Joseph’s Role in God’s Plan


Joseph’s Role in God’s Plan

Pastor Jim Kniseley presented this sermon on Christmas Eve 2016 at St. Jacob’s Spaders and Trinity Lutheran Churches. The gospel reading is Luke is Luke 2:1-20.

 

Dear Friends in Christ,

 

Tonight we thank God for Joseph, the man chosen by God to guide Jesus in the early years of his life. You and I might know as much about Joseph as we do about Mary, and that lack of knowledge is part of the Christmas Story. Joseph was a man destined to play “second fiddle” to both his wife and his son. It was made clear to him from the beginning that he is not the natural father. God is. It was made clear to him that Mary is the chosen instrument of birth, and Joseph’s role is to help her through the pregnancy and then help her raise Jesus.

 

We can only marvel that Joseph was willing to do this and that Joseph really believed that Jesus was destined to be the Messiah foretold by the prophets.

 

The Roman Catholic Church calls Joseph a “Guardian of our Lord”. That’s a wonderful term for being a step-dad. They speak of him as an unsung hero and a silent saint.

 

We really don’t know that much about Joseph. Just two books of the bible talk about him: Matthew and Luke. These two books don’t agree on all the facts about Joseph. Luke says he was living in Nazareth before he was betrothed to Mary and that the angel Gabriel spoke to him in Nazareth. Matthew, on the other hand, implies that Luke was a resident of Bethlehem and was temporarily displaced hoping to return to Bethlehem, but changed his mind when Herod’s son was placed in charge of the area that included Bethlehem.

 

There are certain facts about the first Christmas that some folks might bet their lives are true. Don’t bet!

 

*What is Joseph’s work? A carpenter? All of the tradition of Joseph and Jesus being

Carpenters hinges on one question asked when Jesus in his adulthood preaches at Nazareth. The question was, “Is this not the carpenter’s son?” The Greek word that we translate as carpenter could be translated “artisan” or “stonemason”, and so the carpenter’s trade is just a wise guess.

 

*How did Mary travel to Bethlehem?
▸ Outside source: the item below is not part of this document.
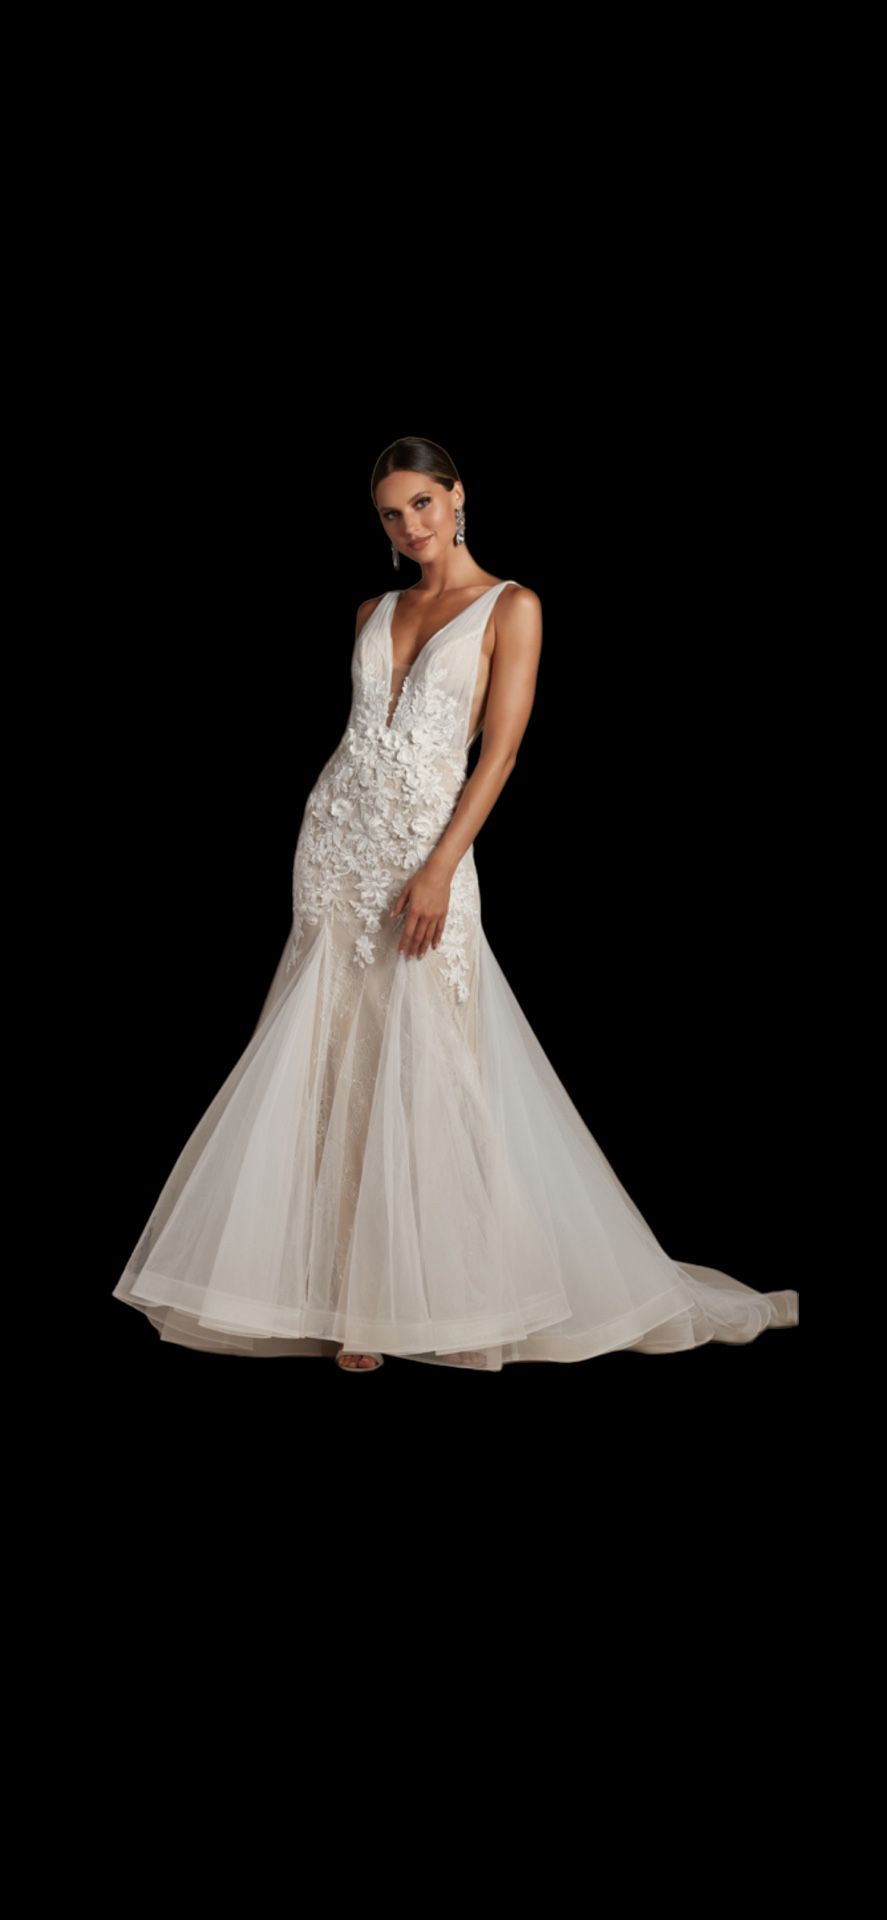 New With Tags Wedding Gown & Wedding Dress $385
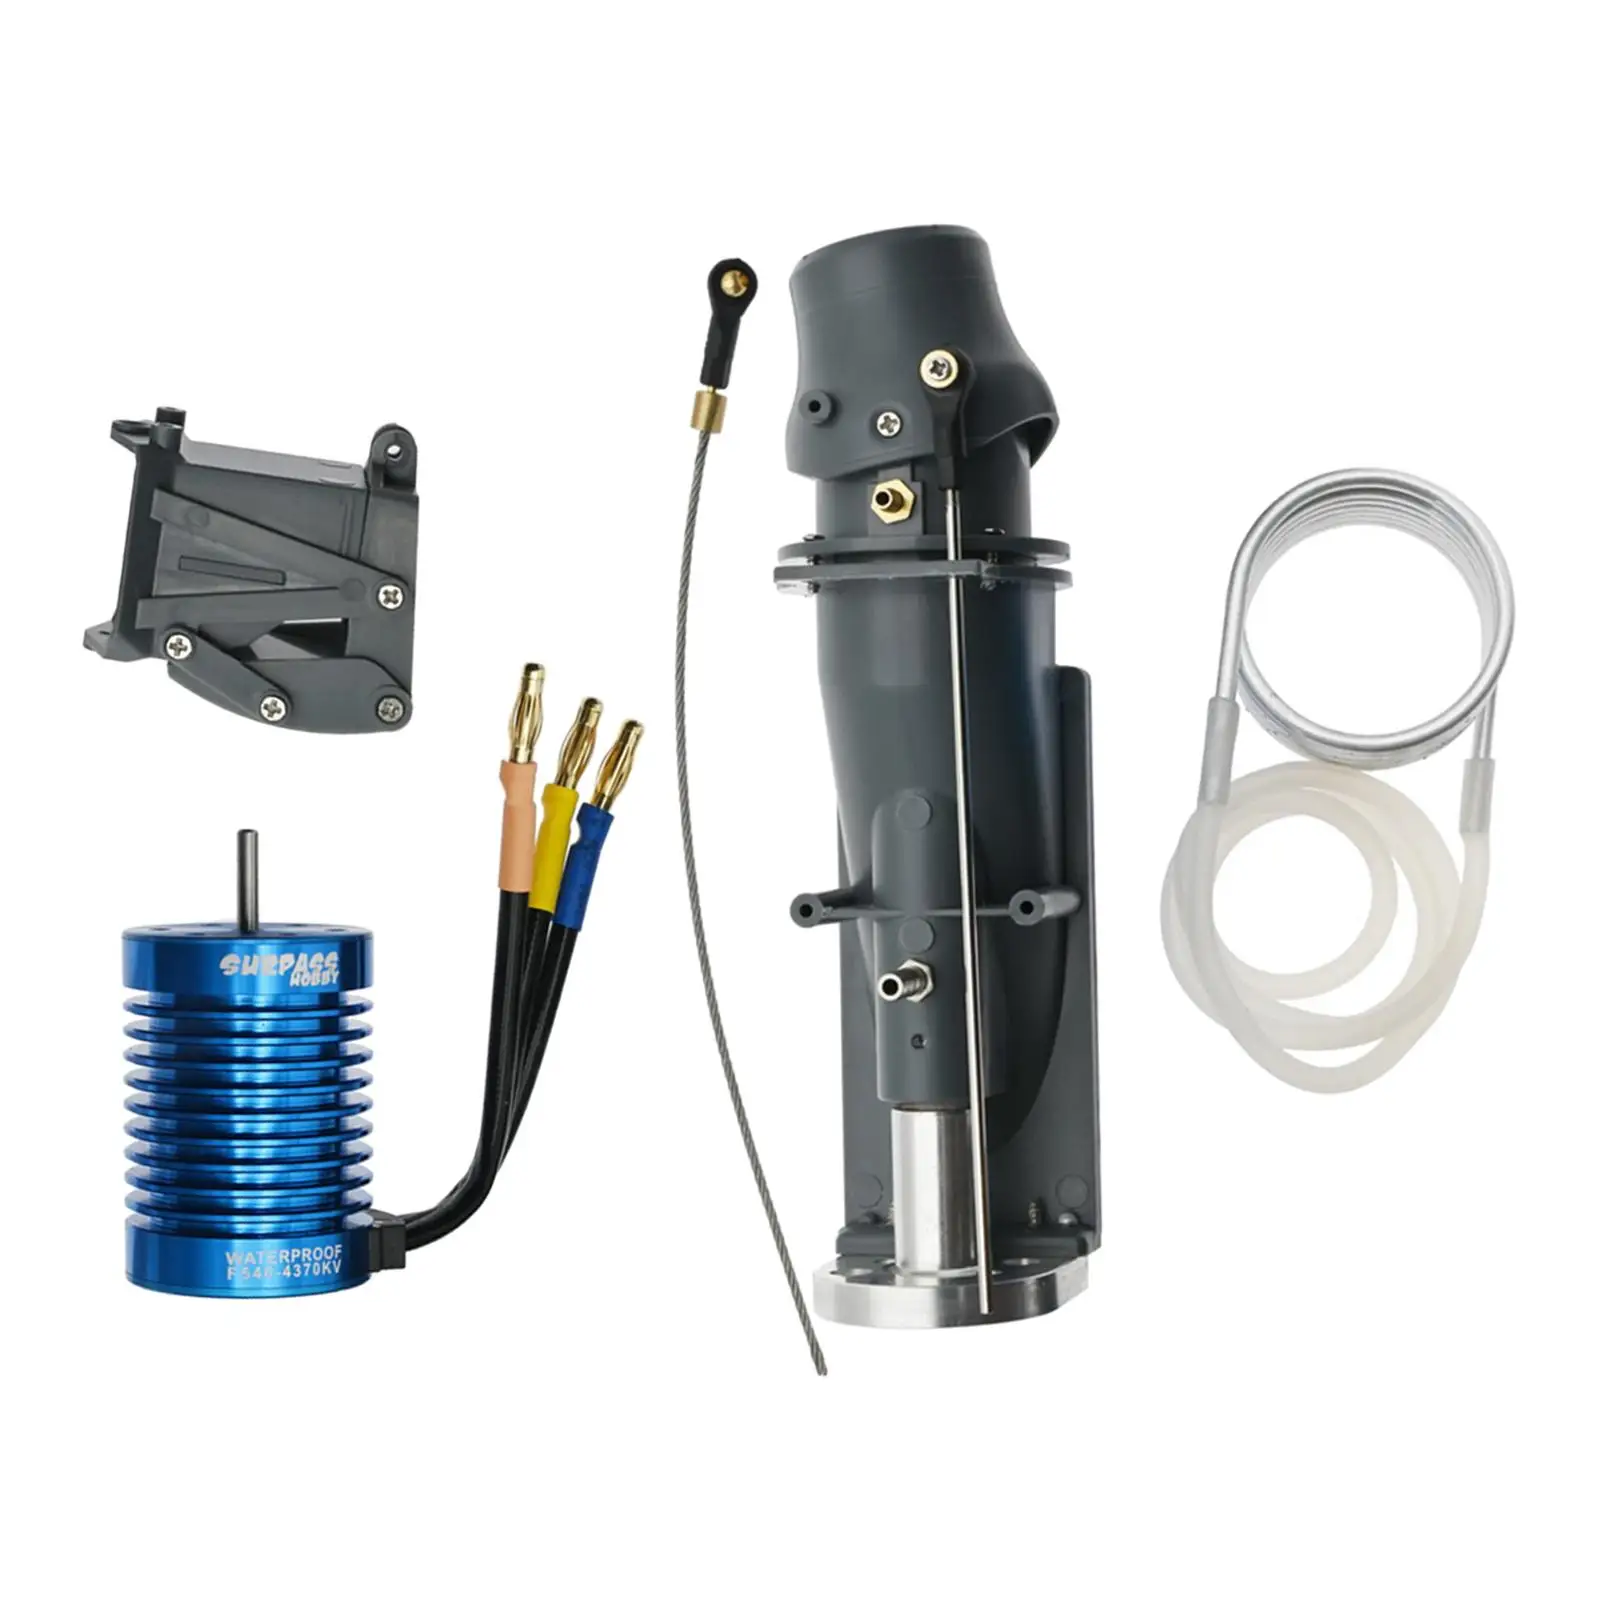 Water Thruster Jet Pump with 540 Brushless Motor 820W 66A for RC Jet Drive Boat Replaces Spare Parts Accessory Upgrade

On a donkey you say? Perhaps. But the bible doesn’t say so. It is a legend!

 

*Was Joseph an old man betrothed to a young teenager named Mary? This is not stated in scripture. The tradition of Joseph being an old man began in the 2nd century in a gospel attributed to James the Less. The 5th century “History of Joseph the Carpenter” says Joseph was widowed at age 89 and Mary became his ward when he was 91. The Roman Church has been so concerned over the years to make sure that Joseph in no way could have been the natural father of Jesus…

 

The message I share on this Christmas Eve 2016 comes out of good Lutheran tradition. Martin Luther often took one or more of the characters of the Christmas Story and delved into what they were thinking. Luther preached Advent and Christmas message for 30 years and he was not afraid to let his mind soar when considering the Christmas story. You and I have to be careful in not always taking Luther literally in some of his speculations. For instance, he must have been playing with his congregation when he suggests that the reasons the Wise Men took so long in getting to Jesus was that God turned the star on and off to encourage or discipline the Wise Men!

 

On the other hand, Luther was very serious when he says that he does not question if God could make a star to point the way. The real important question, says Luther, is why would the God of the Universe care enough to do so for mortals?

 

We too ask: why would God humble himself to lie in the feedbox of a donkey and to then hang on a cross?

 

Joseph is like us in so many ways. He is not perfect, but God uses him. In the genealogies of Jesus that both Matthew and Luke present, we learn that the Holy Family has some rascals and scoundrels in their family tree. But God uses this family anyway.

 

When Joseph learned that Mary was pregnant and he knew that he was not the father, he could have followed the letter of the Hebrew law, denounced her and she would have been stoned to death. He thought rather to divorce her quietly and only changed his mind when the angel Gabriel came to him. Just think, Mary the mother of Jesus, was at first judged by her own husband as a loose woman…

 

When Gabriel appeared, Joseph had nothing to go on, save the Word of God, and he accepted it. We believe that a less than God-fearing man would have said it was just a dream.

 

This night, the eve of our Lord’s birth in Bethlehem, I invite you to simply believe that a miracle took place in the birth of the infant Jesus. To try and explain it too closely takes away the awe and holiness of it. It is totally, entirely, completely, and absolutely the work of God. The Child is a gift of God’s grace. We believe that a new spirit was released into the world with the birth of Jesus. For that we are eternally grateful.

 

Happy Birthday, Lord Jesus, and welcome to our world. Amen!